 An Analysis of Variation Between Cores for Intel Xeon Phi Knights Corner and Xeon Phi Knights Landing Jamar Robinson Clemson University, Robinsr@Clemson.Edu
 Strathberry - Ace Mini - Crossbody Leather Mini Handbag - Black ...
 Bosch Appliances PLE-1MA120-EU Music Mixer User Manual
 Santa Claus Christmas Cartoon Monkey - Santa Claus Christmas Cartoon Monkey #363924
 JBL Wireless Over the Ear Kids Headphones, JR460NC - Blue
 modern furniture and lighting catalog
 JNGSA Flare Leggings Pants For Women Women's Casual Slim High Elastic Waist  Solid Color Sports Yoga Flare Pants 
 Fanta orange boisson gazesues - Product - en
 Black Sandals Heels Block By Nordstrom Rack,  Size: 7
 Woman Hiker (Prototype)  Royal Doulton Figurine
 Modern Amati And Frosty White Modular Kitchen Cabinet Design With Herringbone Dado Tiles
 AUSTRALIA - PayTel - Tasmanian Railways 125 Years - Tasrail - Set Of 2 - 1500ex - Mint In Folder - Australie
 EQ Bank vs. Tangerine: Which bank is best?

### PROBLEM DESCRIPTION
From the records above, retype only the lines starting at the line that contains "Black Sandals Heels" and ending at the line that contains "Modern Amati And", both included.

### EXERCISE OUTPUT
 Black Sandals Heels Block By Nordstrom Rack,  Size: 7
 Woman Hiker (Prototype)  Royal Doulton Figurine
 Modern Amati And Frosty White Modular Kitchen Cabinet Design With Herringbone Dado Tiles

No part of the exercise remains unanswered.